■ TASK TO COMPLETE ■
Once the pictures are set aside, copy the data below exactly as it stands.

■ DATASET EXTRACT ■
++++

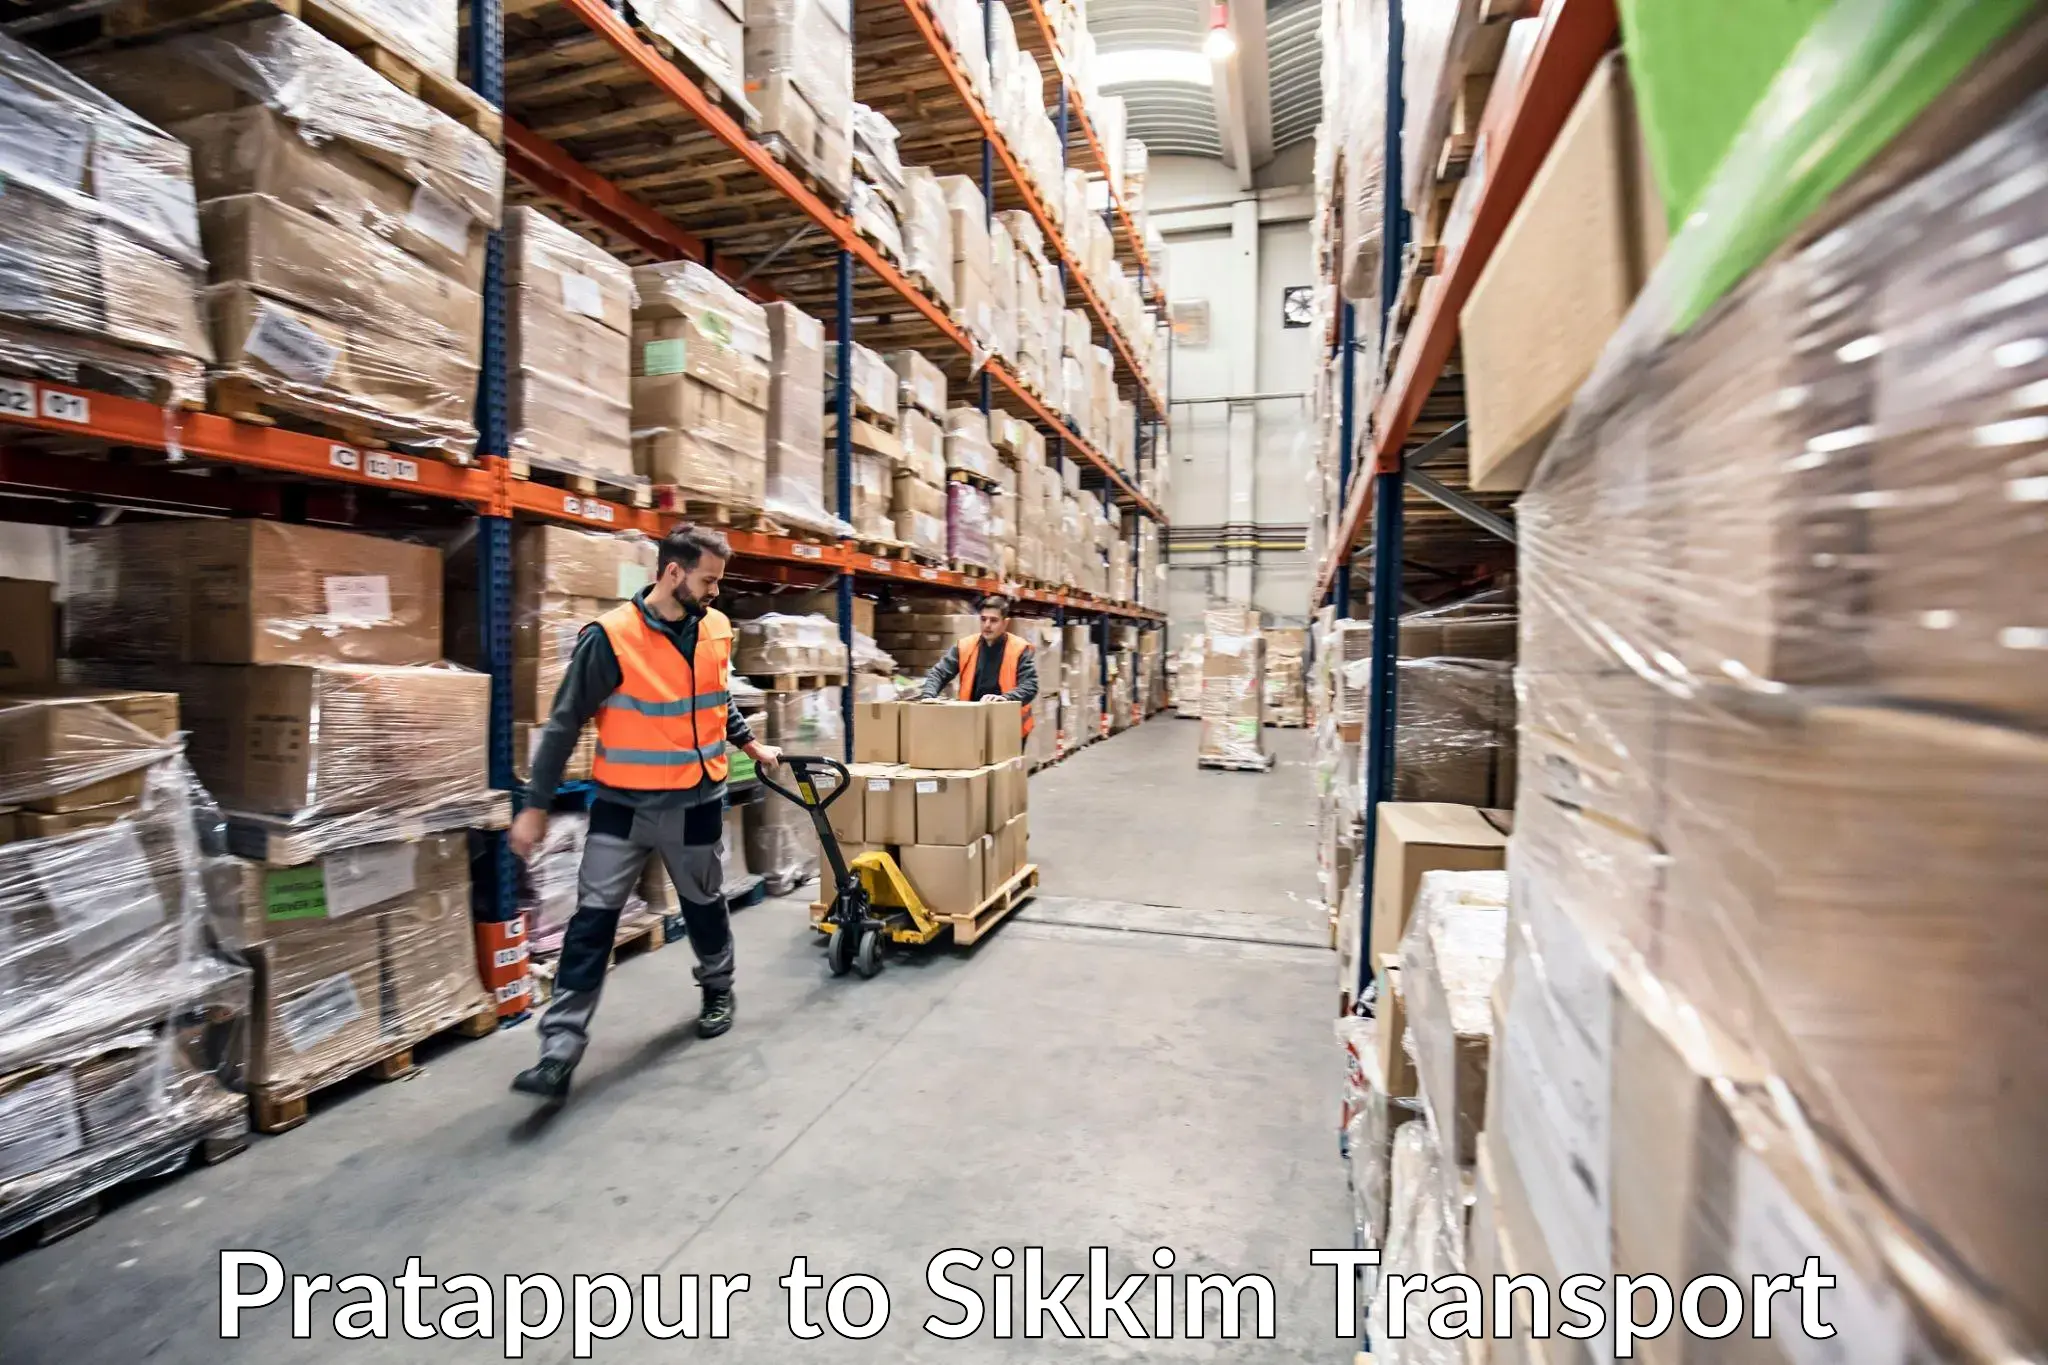 Shipping services Pratappur to Gangtok
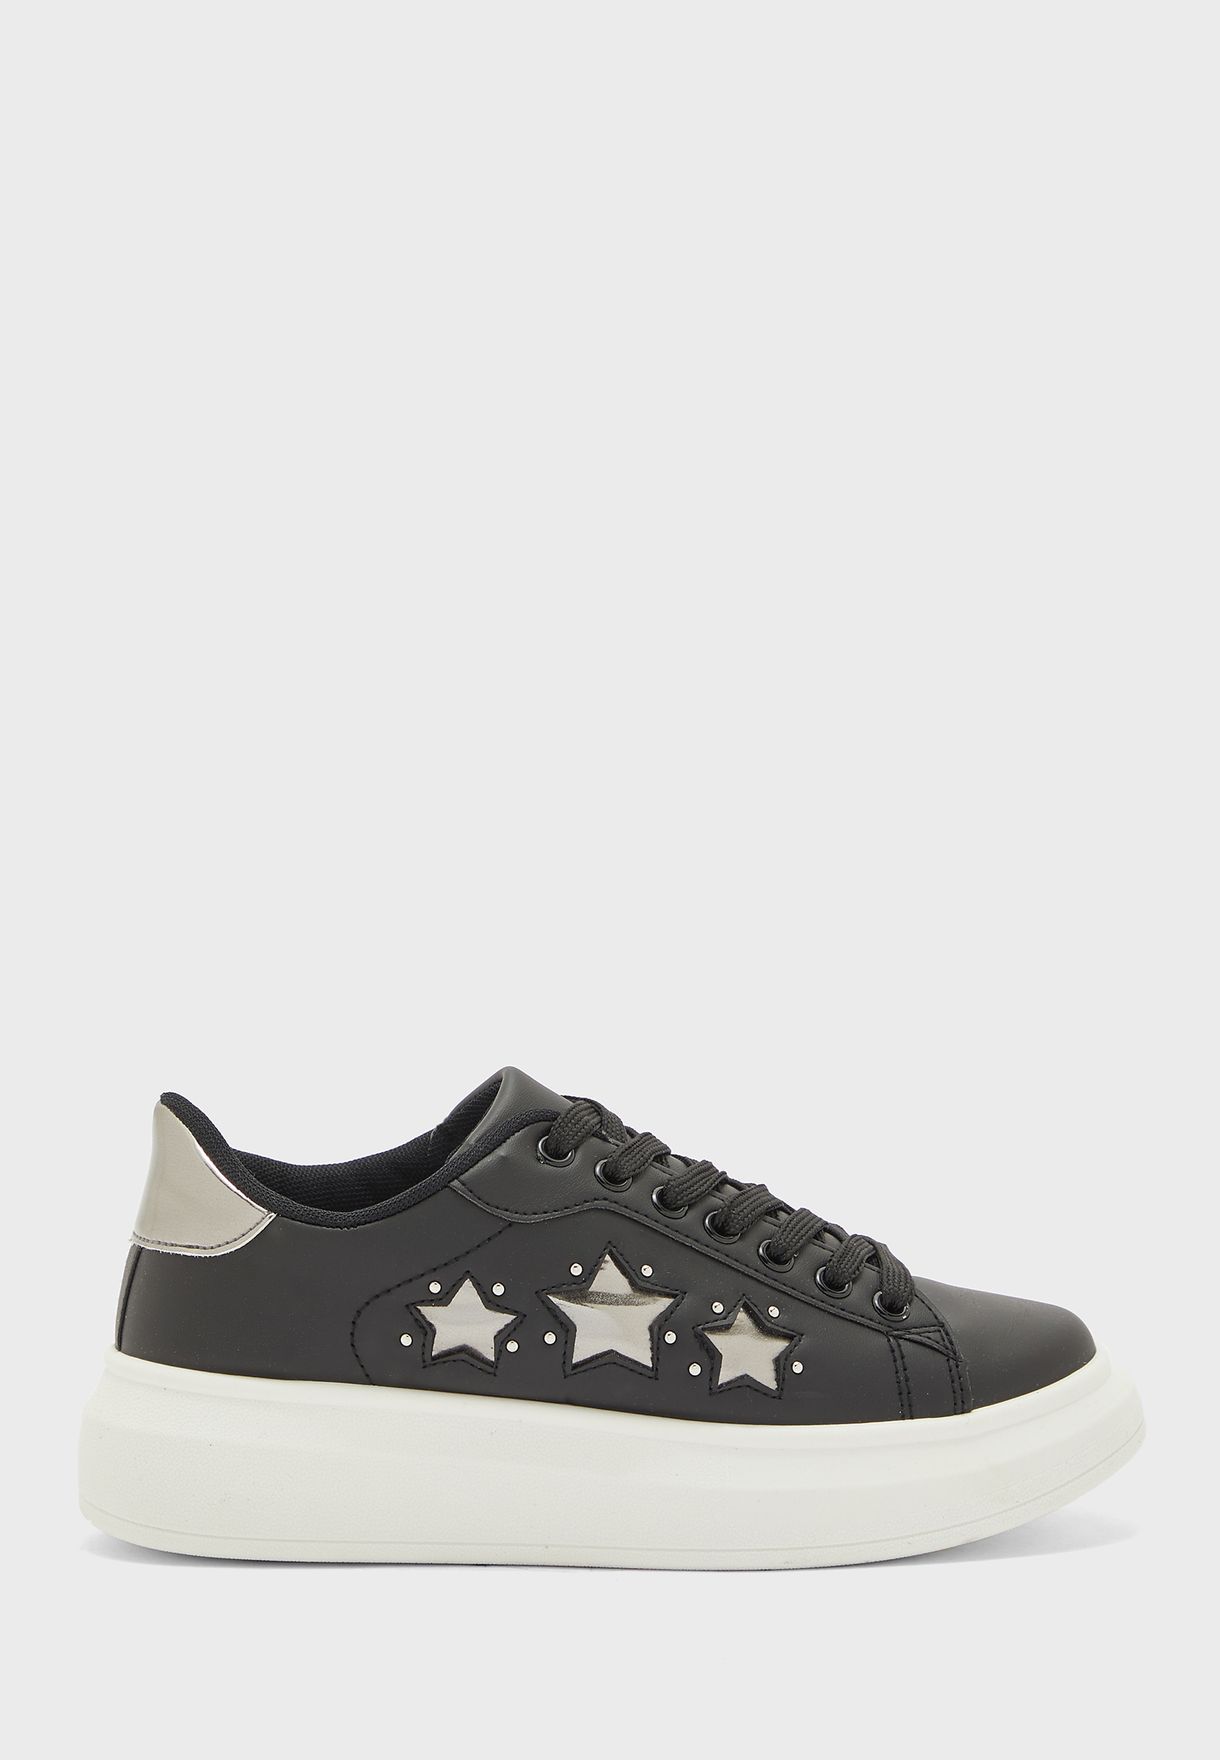 Stars Detail Low Top Sneakers
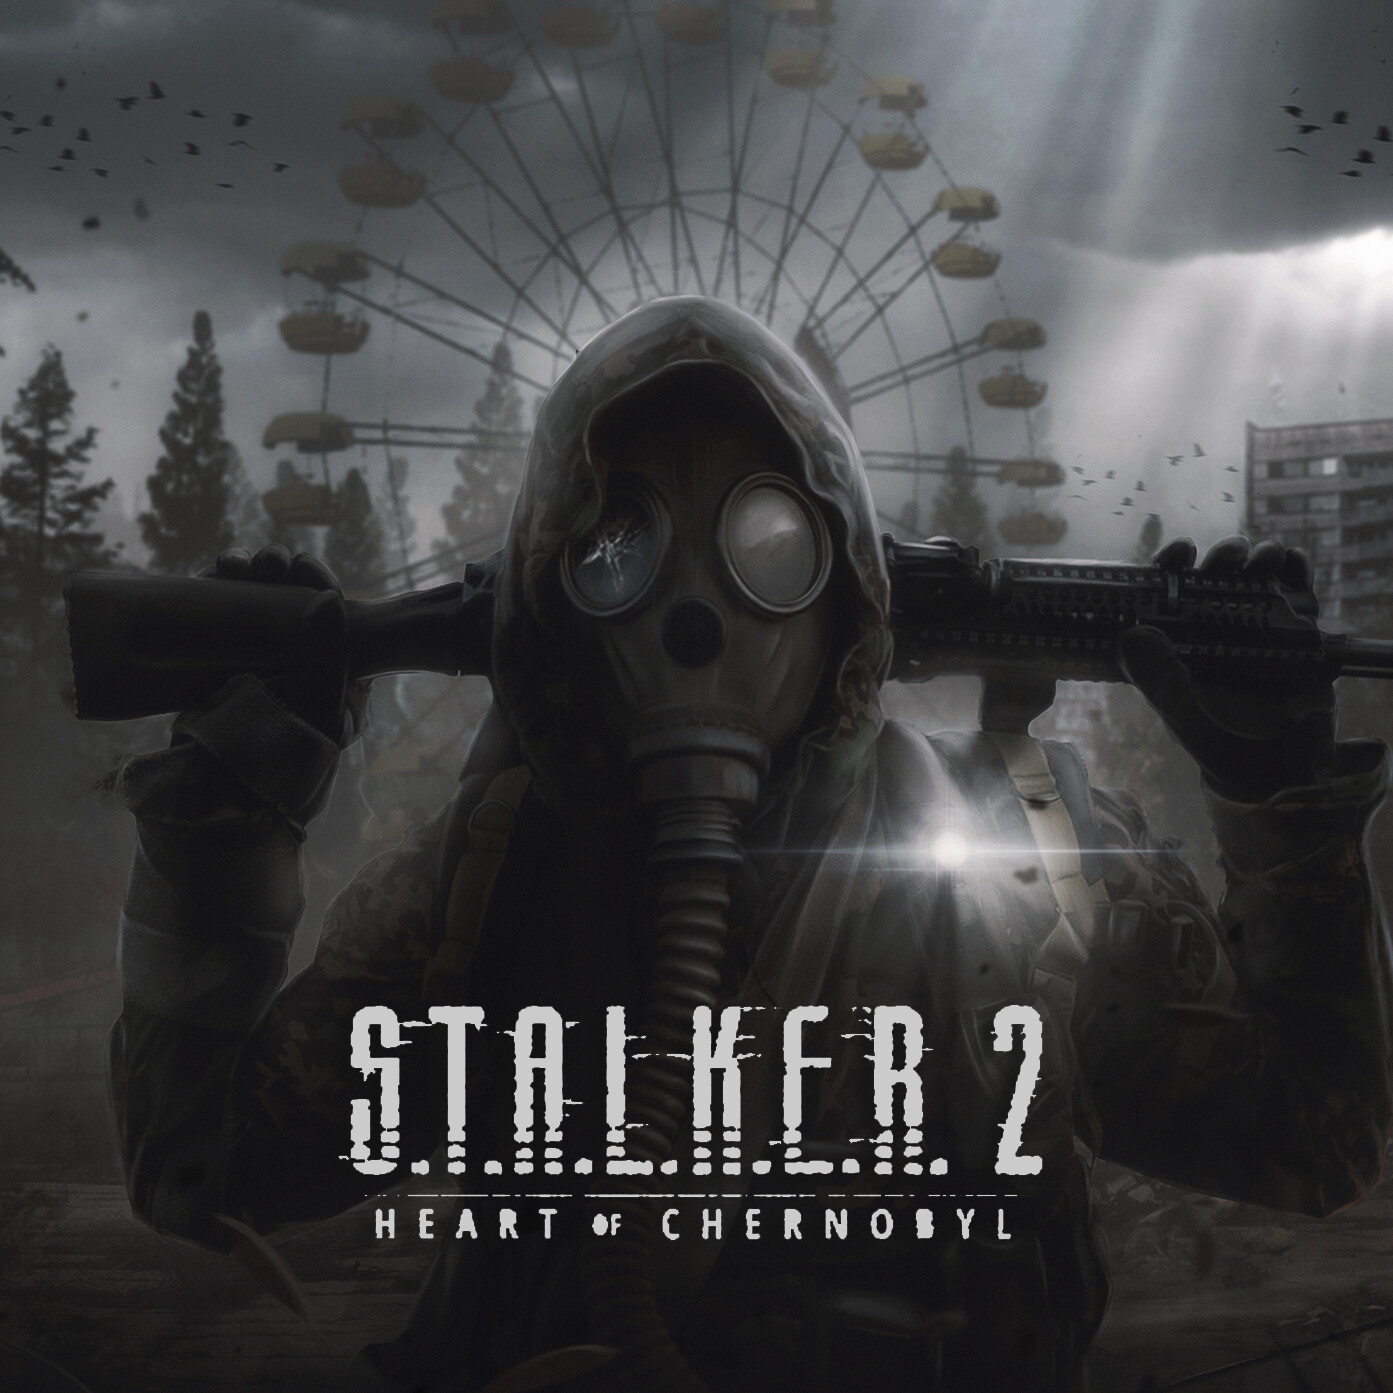 S.T.A.L.K.E.R. 2: Heart of Chornobyl - [Таблица для Cheat Engine]. Чит на запас жизней, патронов, Большая скорость передвижения

++++

■ YOUR SOLUTION ■
 Shipping services Pratappur to Gangtok
 Stars Detail Low Top Sneakers
 S.T.A.L.K.E.R. 2: Heart of Chornobyl - [Таблица для Cheat Engine]. Чит на запас жизней, патронов, Большая скорость передвижения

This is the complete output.